Les sœurs du dernier aubergiste

Fin 1787, Louise MERCIER a épousé Ferdinand LANGLOIS, un chirurgien. Au XVIIIe siècle, c'était une sorte d'intermédiaire entre infirmier et médecin, bien différent du spécialiste hautement qualifié d’aujourd’hui.
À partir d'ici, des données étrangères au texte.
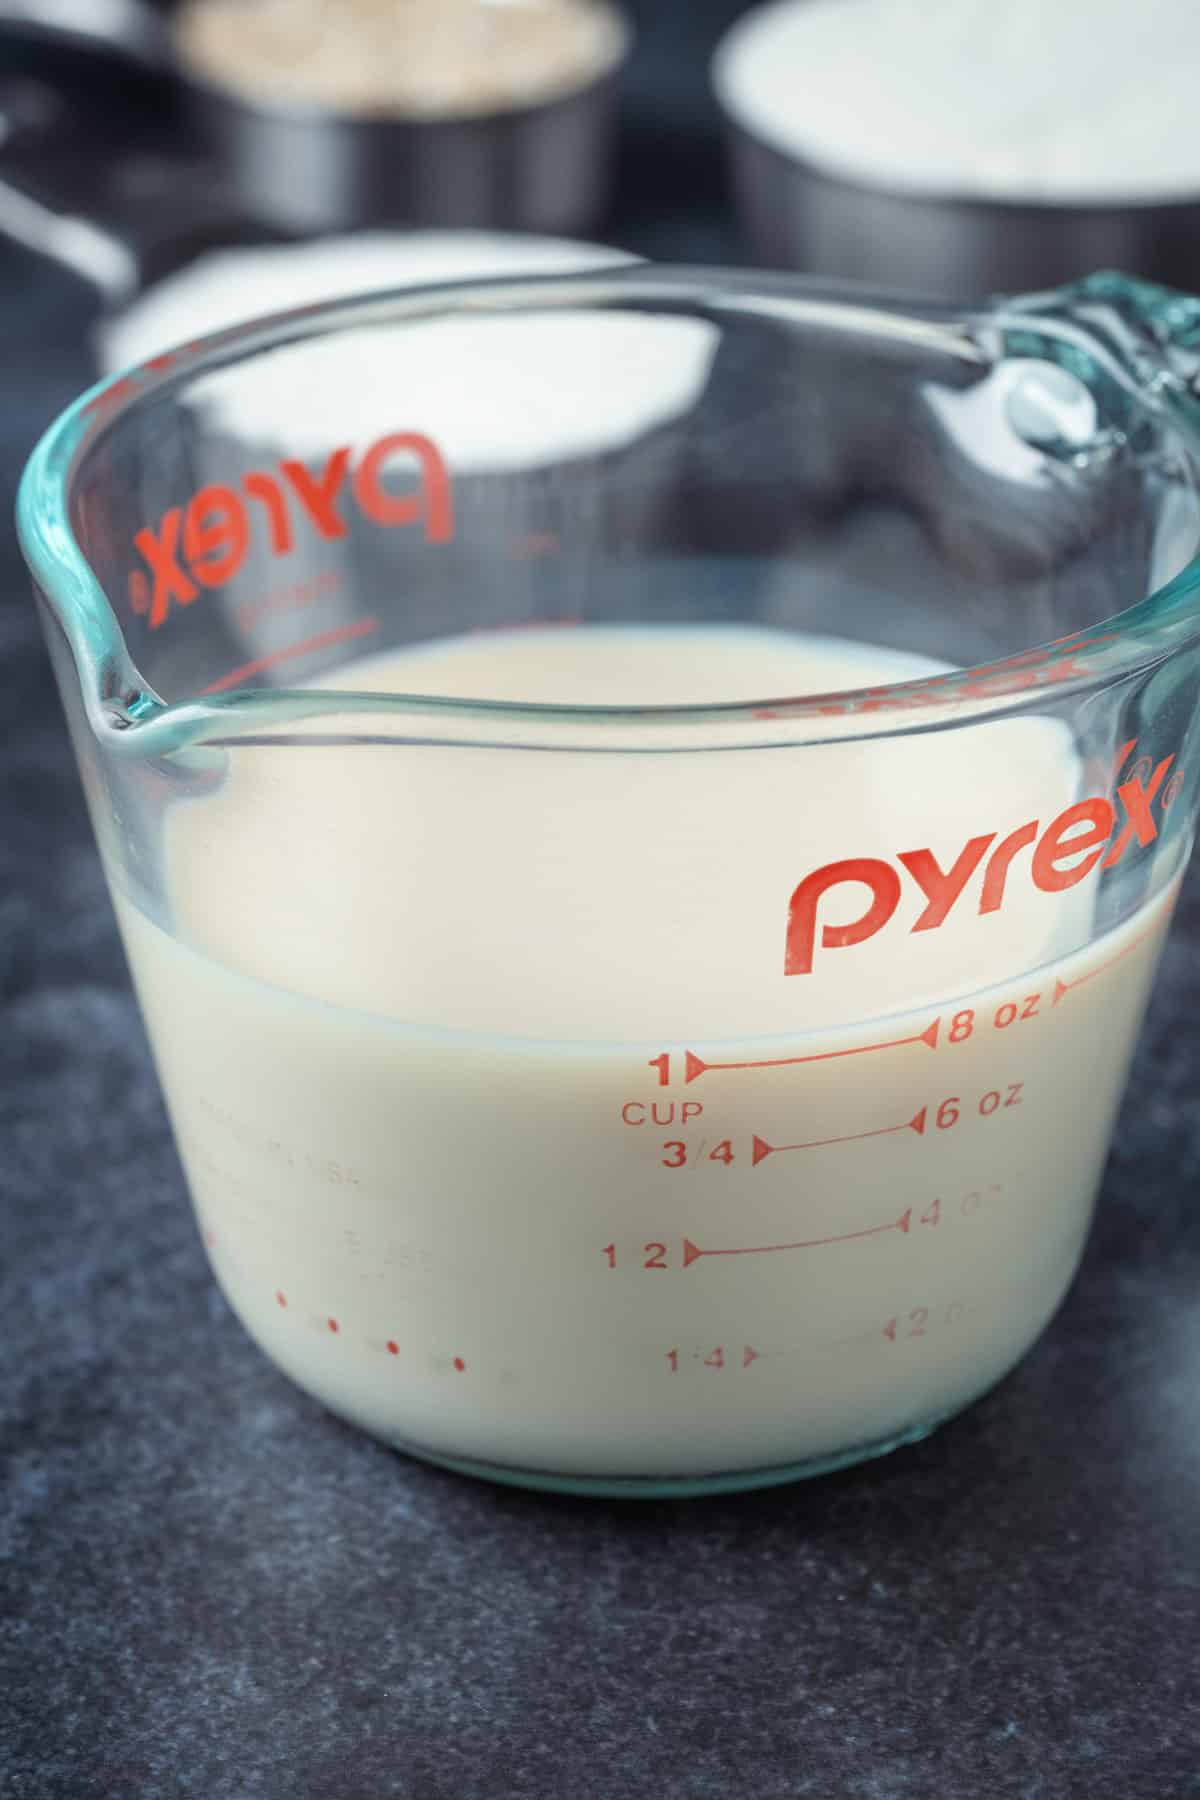 Sojino mlijeko u posudi za mjerenje.
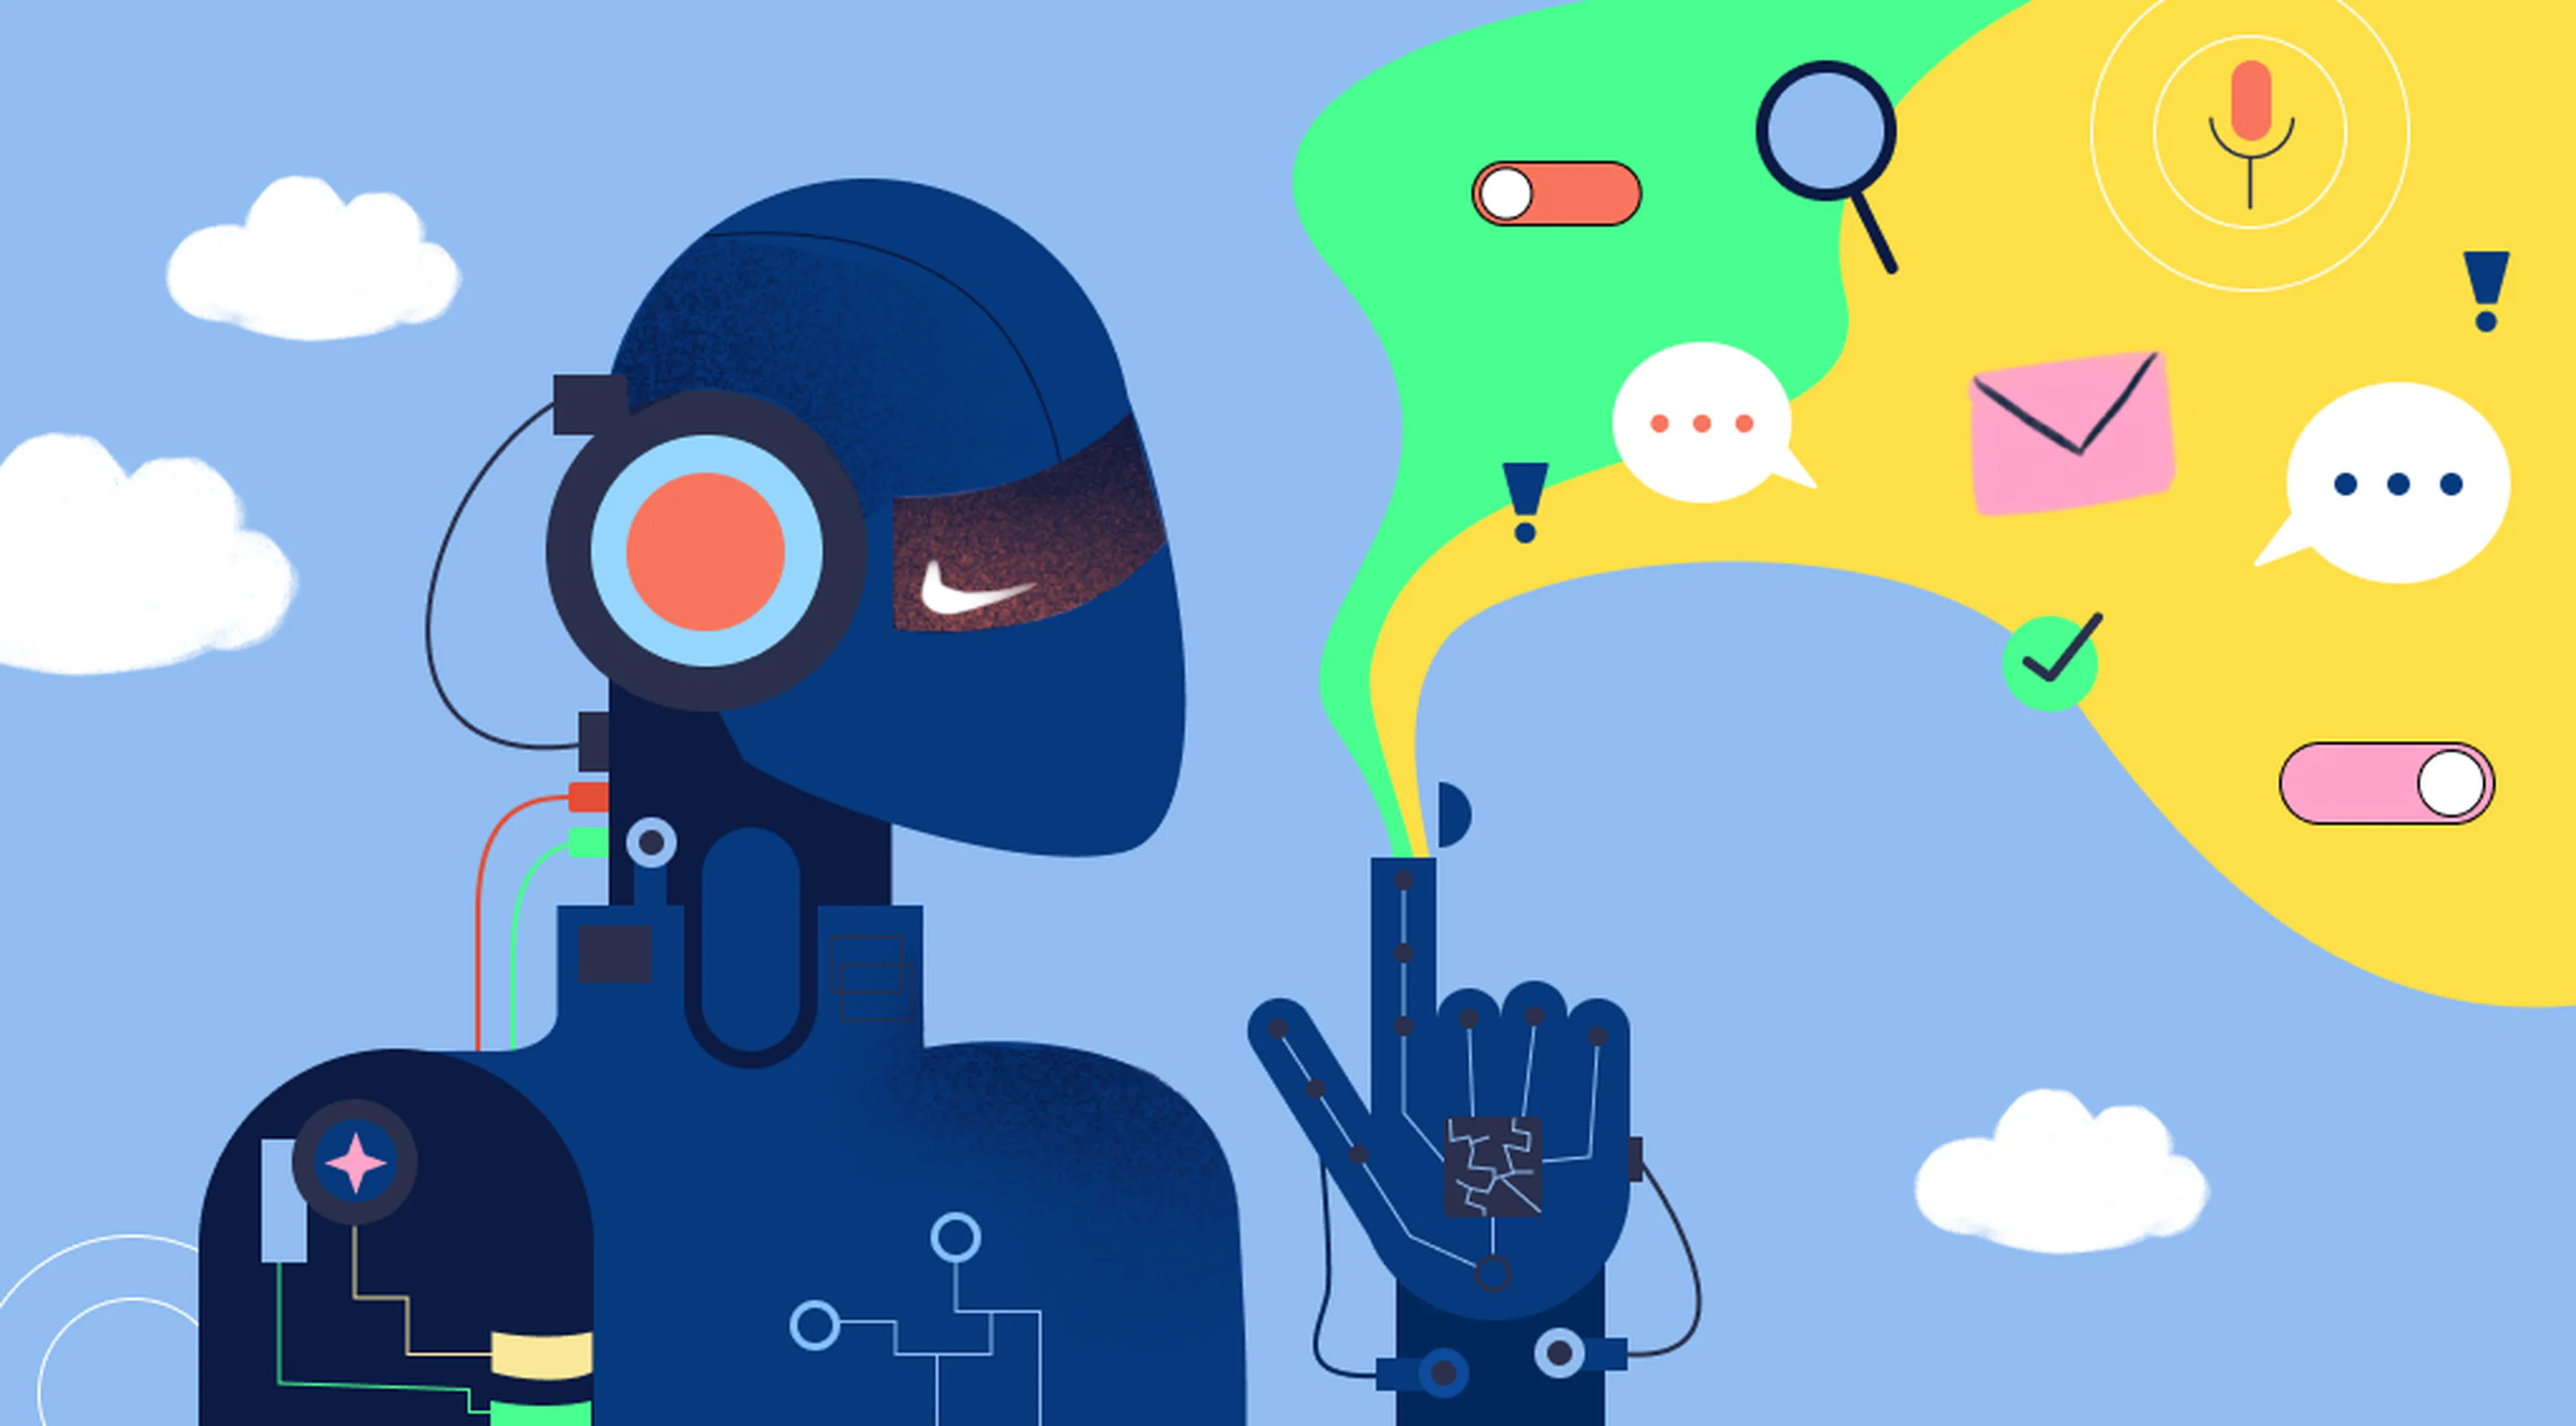 Robot podnoszący palec w górę, z którego wypływa zielono-żółta chmura zawierająca ikony związane z marketingiem

Les chirurgiens représentaient l’essentiel du personnel médical de l’ancien régime : à la veille de la Révolution, la France en comptait dix fois plus que de médecins (mais comme le disait Montesquieu Ce ne sont pas les médecins qui nous manquent, c'est la médecine).

Le couple n’a eu qu’un enfant, né seulement 7 semaines après la célébration du mariage, et prénommé Ferdinand comme son père. Sa descendance nous mène jusqu'à Henri LANGLOIS, le héros de cette page, comme le montre le schéma suivant :

° = naissance, x = mariage, + = décès

Ferdinand LANGLOIS
° 9.8.1759 Angers
+ 8.3.1794 Angers
Chirurgien
Louise MERCIER
° 15.6.1768 Le Lion-d'Angers
+ 8.12.1818 Angers
Marchande
x 4.12.1787 Le Lion-d'Angers
Ferdinand Édouard LANGLOIS
° 20.1.1788 Le Lion-d'Angers
+ 10.5.1858 Angers
Militaire, Huissier
Thérèse Marie LEMONIER
° 4.2.1791 Angers
+ 18.9.1834 Angers
Marchande
x 19.3.1813 Angers
Gustave I LANGLOIS
° 29.7.1814 Château-Gontier
+ 4.1.1874 Seiches-sur-le-Loir
Marchand
Marie Antoinette LAUMONIER
° 4.3.1820 Beaufort-en-Vallée
+ 6.12.1847 Saumur
 
x 26.9.1841 Beaufort-en-Vallée
Henri I LANGLOIS
° 14.8.1846 Saumur
+ 12.9.1896 Smyrne
Représentant service télégraphique
Catherine DELENDA
° 1858
 
 
x -
Gustave II LANGLOIS
° 05.1.1880 Port Saïd
+ 17.3.1943 Paris-XVIIème
Journaliste, Agent de fabriques
Anne Louise BRAGGIOTTI
° 10.4.1884 Smyrne
+ 15.9.1955 Paris-VIIIème
 
x 10.9.1913 Smyrne
Henri LANGLOIS
° 13.11.1914 Smyrne
+ 13.1.1977 Paris-XIVème
Secrétaire général de la Cinémathèque Française

Une famille voyageuse

Les ancêtres d’Henri LANGLOIS ont suivi un parcours original, puisque pour relier le Lion-d'Angers à Paris, ils sont passés par l’Égypte et la Turquie.

L’Anjou

Jusqu'au grand-père du fondateur de la Cinémathèque, Henri Ier LANGLOIS (1846-1896), tous les membres de la famille ont vécu en Anjou.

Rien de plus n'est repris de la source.